Тюльпанова встретила его, как заждавшаяся невеста своего суженого.

— С праздником, Иван Иванович! Пусть к вам придет удача во всем, особенно в личной жизни.

— Почему «особенно в личной»? — удивился он.

— Да потому, что нет у вас никакой личной жизни. Я же вижу, как вы отдаетесь службе: и днем, и ночью... Вы добрый и хороший, как мой Саша. Только он весь — в геологии, а вы — в розыске.

Она смотрела на него такими глазами, что ему стало не по себе. И улыбка на спелых губах — такая же загадочная, как у знаменитой Джоконды.

«Так, поди, «подыграла» и Крутоярову», — сработала у него интуиция самозащиты.

— Алевтина Кузьминична, я хотел бы поздравить и вас с Первомаем, да только в нынешних условиях эти слова прозвучат неестественно. Так что давайте перейдем к делу.

— Не век же будут продолжаться нынешние условия. Вот тогда и поздравите меня с праздником. Договорились?

Она была оптимисткой, верила, что для нее все закончится благополучно, и заражала этим Ивана Ивановича.

Он положил перед ней портрет, на котором, по убеждению Марины, был изображен Григорий Ходан.

Тюльпанова восприняла его равнодушно.

— Какое-то мурло. Карабас-Барабас с подстриженной бородой, — заключила она.

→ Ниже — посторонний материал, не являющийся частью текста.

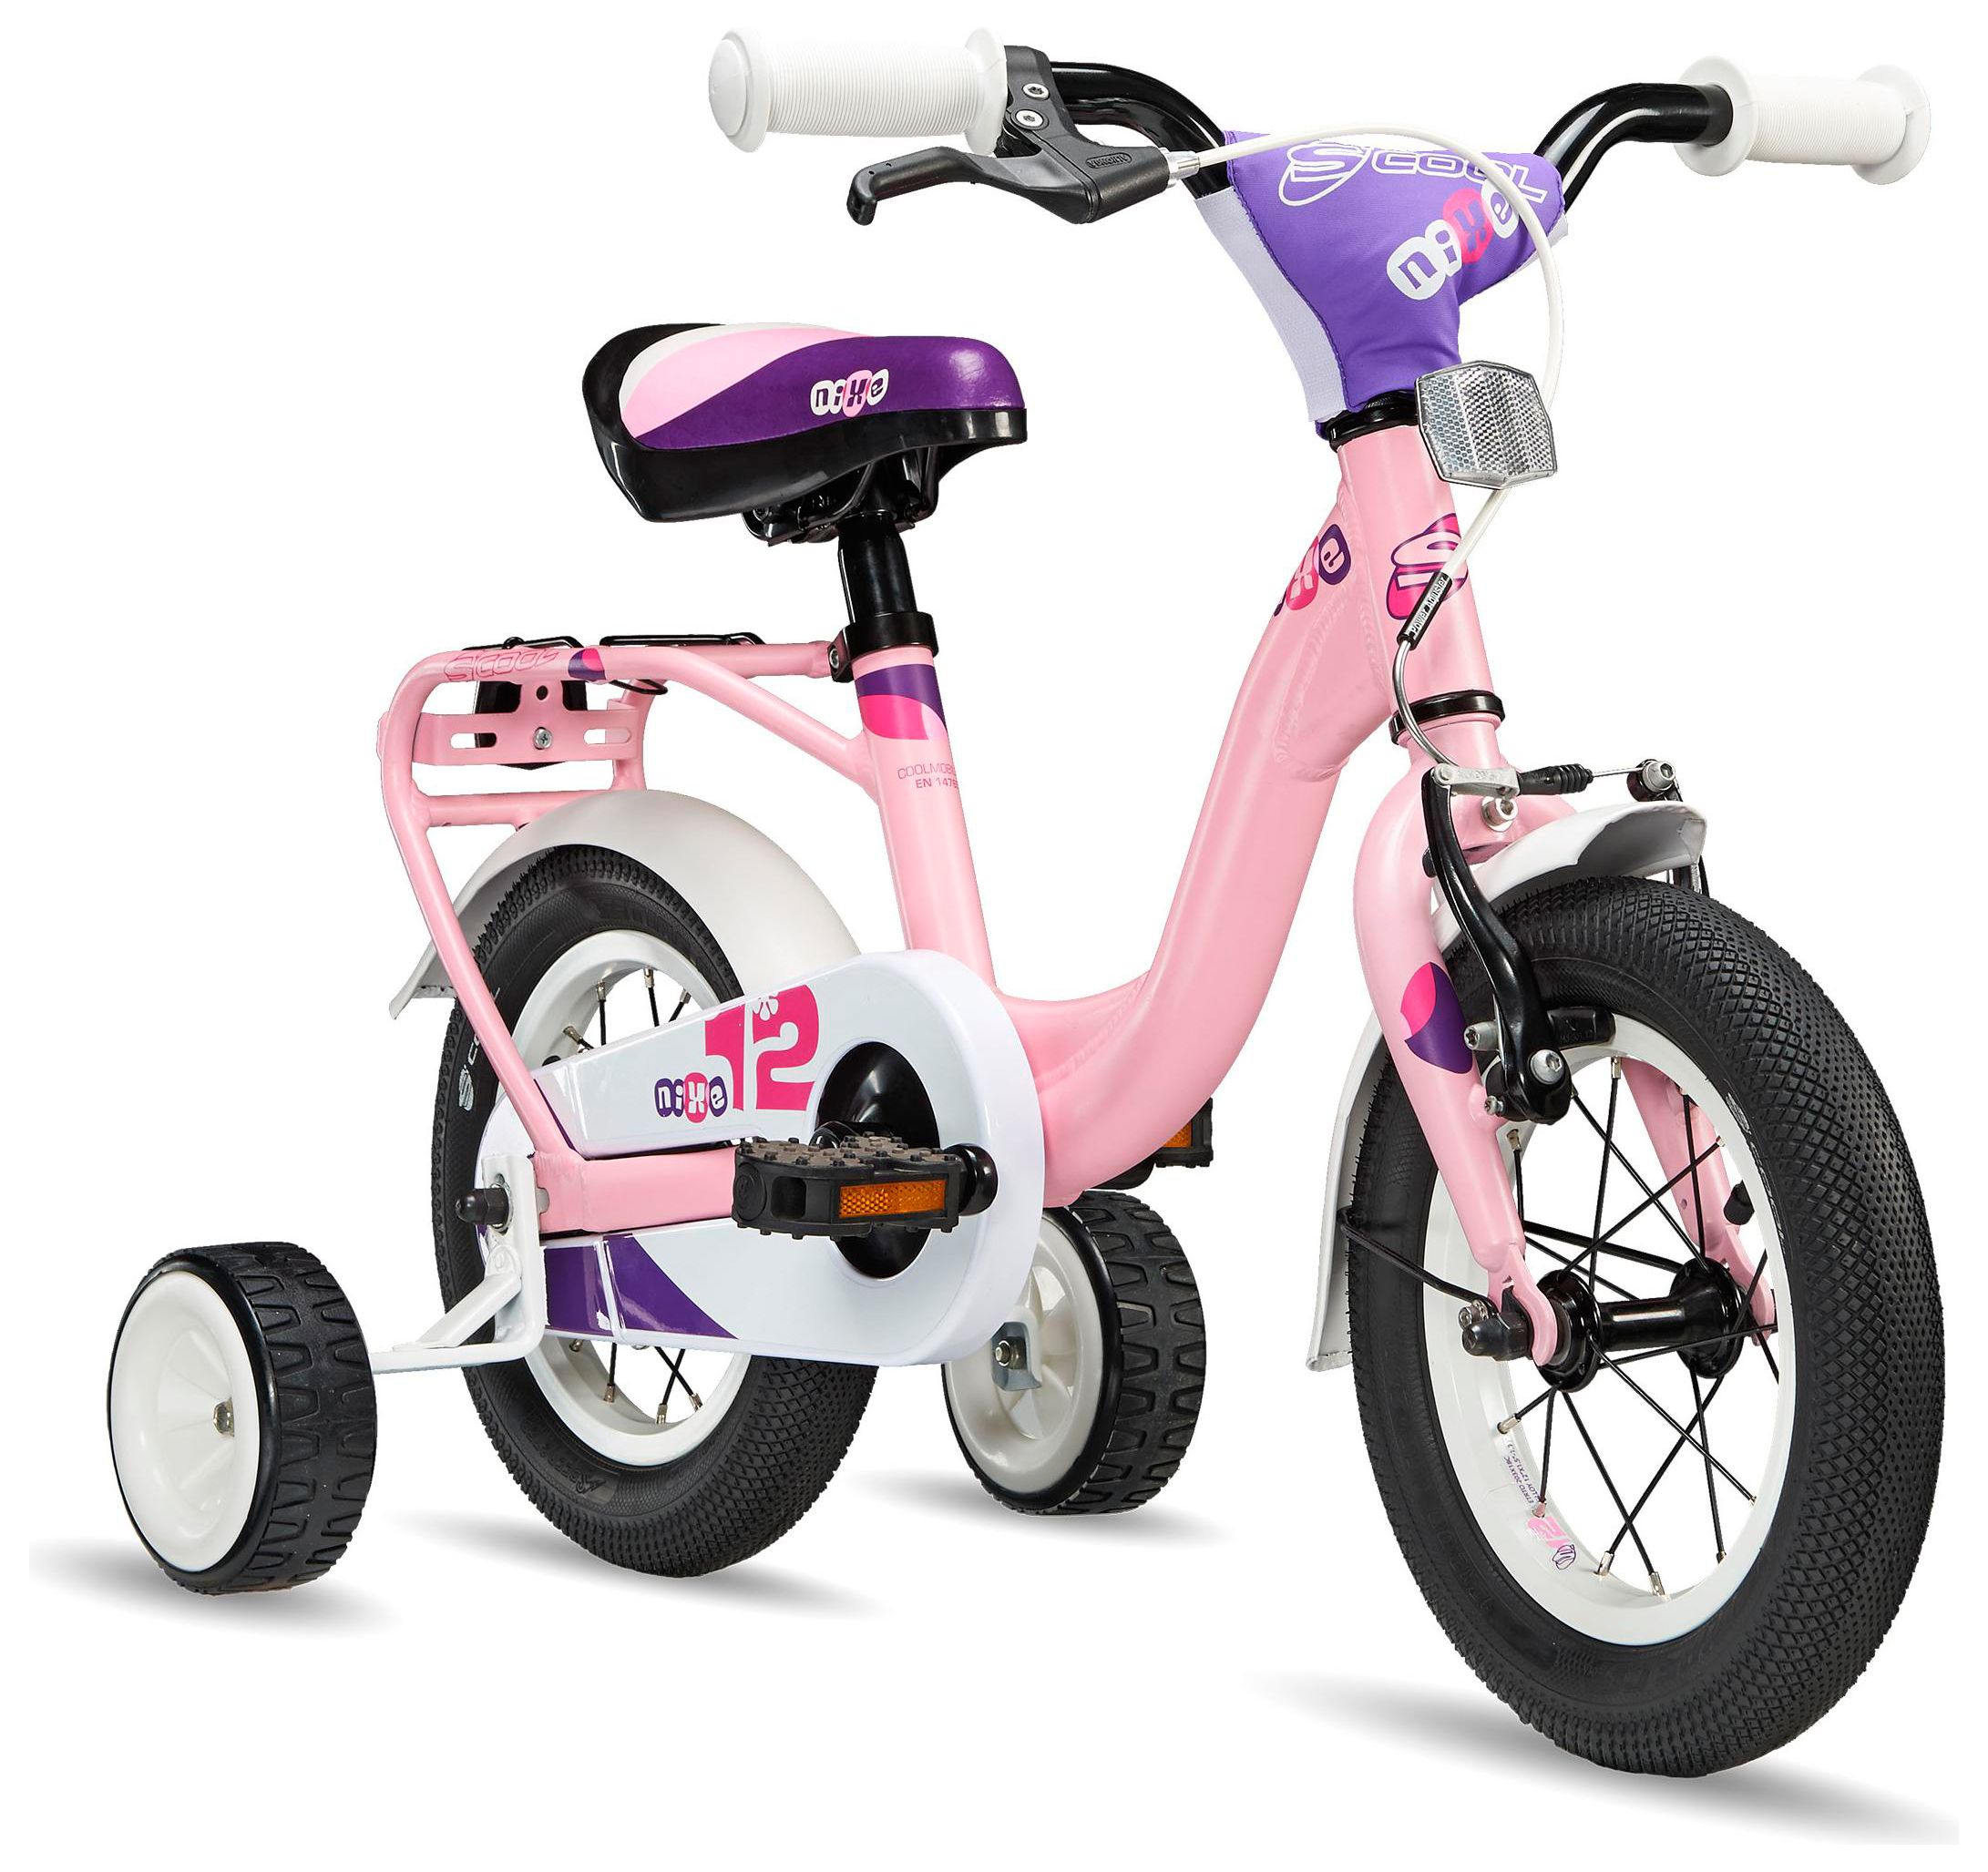  Отзывы о Детском велосипеде Scool niXe 12 2015

На портрет Дорошенко она прореагировала иначе:

— Похож на детский рисунок: «Точка, точка. Два кружочка. Палка, палка. Огуречик. И готовый человечек». Где вы их таких понабирали?

Увидев бородатого Кузьмакова, насторожилась:

— Ну и гляделки! — Выставила «вилкой» два пальца и ткнула ими в фотографию: — У-у! — И проговорила: — Есть что-то в этих глазах.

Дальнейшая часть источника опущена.